A key part of this architecture is how all these little things connect and co-operate. We want it to be really easy to plug different components in-and-out, even hot-reloading them. In this post I’ll show how that system is implemented.

Finding friends

Consider a lonely little component, living all by itself, in its own DLL file. It only knows how to do one thing, but it does it really well. Say for example that it is really good at middle-out compression. Somehow, this component needs to tell the rest of the system that it exists. It also needs to expose an API for other components to make use of its services.

Let’s tackle the second part first.
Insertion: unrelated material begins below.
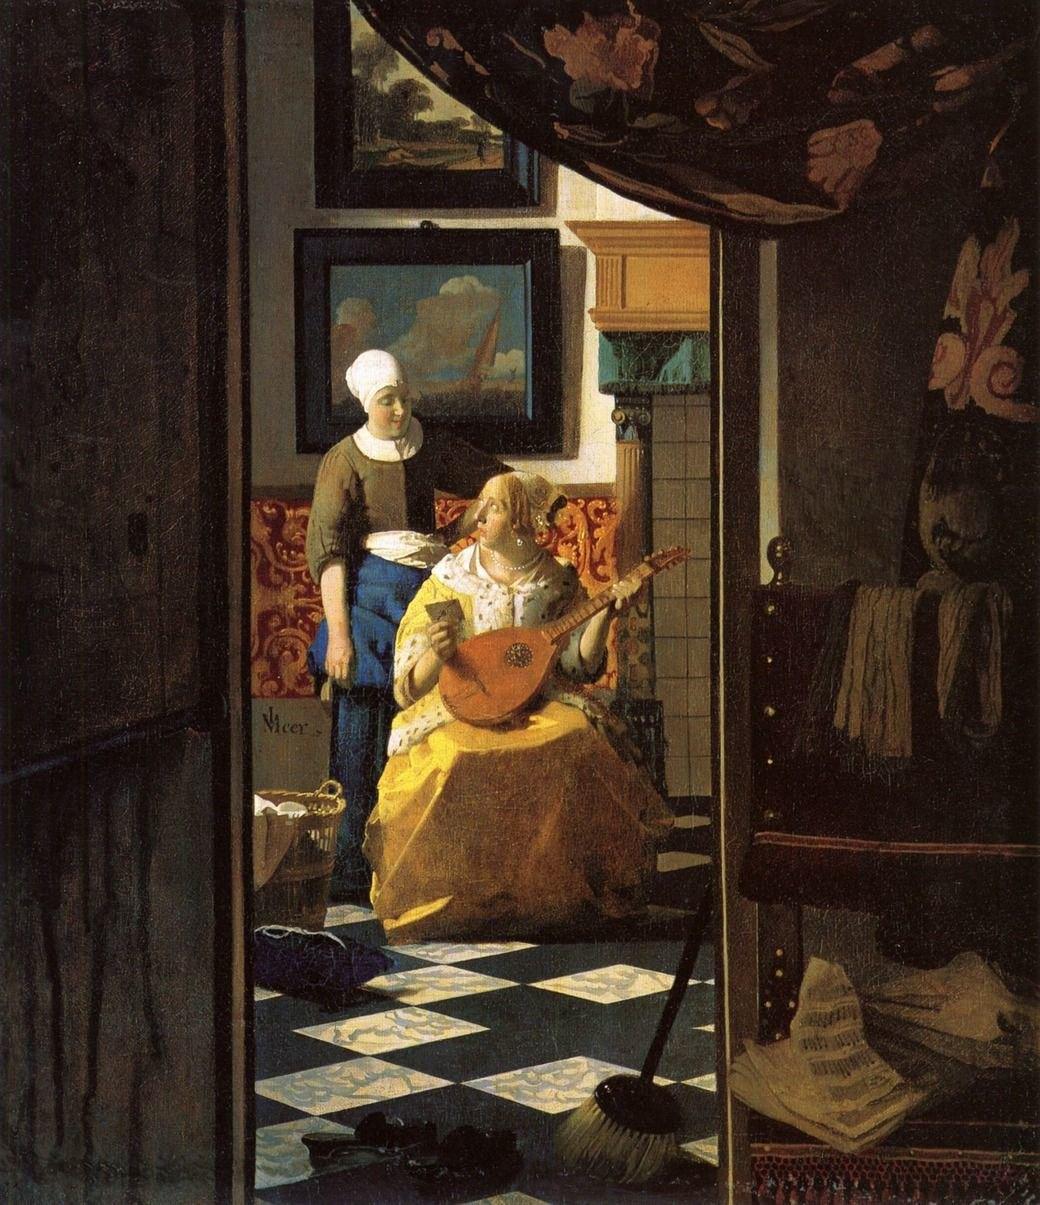 слева направо: Tанец, Анри Матисс, 1909-10; Любовное письмо, Ян Вермеер, 1670. Изображение № 17.

The most traditional way of exposing an API is through a header file with some type definitions, constants and global functions. For example, zlib exposes:

int deflate(z_streamp strm, int flush);

Since we want our system to support dynamic linking we can’t straight up static link with a library of global functions like deflate(). Instead, we need to work with function pointers, something like:

deflate_f *deflate = (deflate_f *)GetProcAddress(zlib_dll, "deflate");

Dealing with a lot of individual function pointers like this quickly becomes messy. So to keep things organized, we put all the function pointers that belong to a specific API in a struct.

This is what the struct might look like for our hypothetical compression component (for simplicity, let’s assume it compresses whole buffers instead of using a stream based protocol):

struct tm_piper_compression_i {
    void (*compress)(uint8_t *compressed, const uint8_t *raw, uint64_t raw_size);
    void (*decompress)(uint8_t *raw, const uint8_t *compressed, uint64_t raw_size);
};

Putting the function pointers in a struct like this is good for multiple reasons:

It clearly identifies functions that belong together and are a part of the same API.
It makes it easier to pass the API around, we only need to pass around a struct tm_piper_compression_i * instead of a bunch of individual functions. Whoever has a pointer to the struct can use the whole API.
It allows us to use shorter function names. If we had to come up with function names guaranteed to be globally unique throughout the application they would either have to be really long ( tm_piper_compression_compress), or use some kind of abbreviation scheme (tm_pc_compress). Neither option is super appealing. The struct becomes a C way of getting something like a C++ namespace for the API.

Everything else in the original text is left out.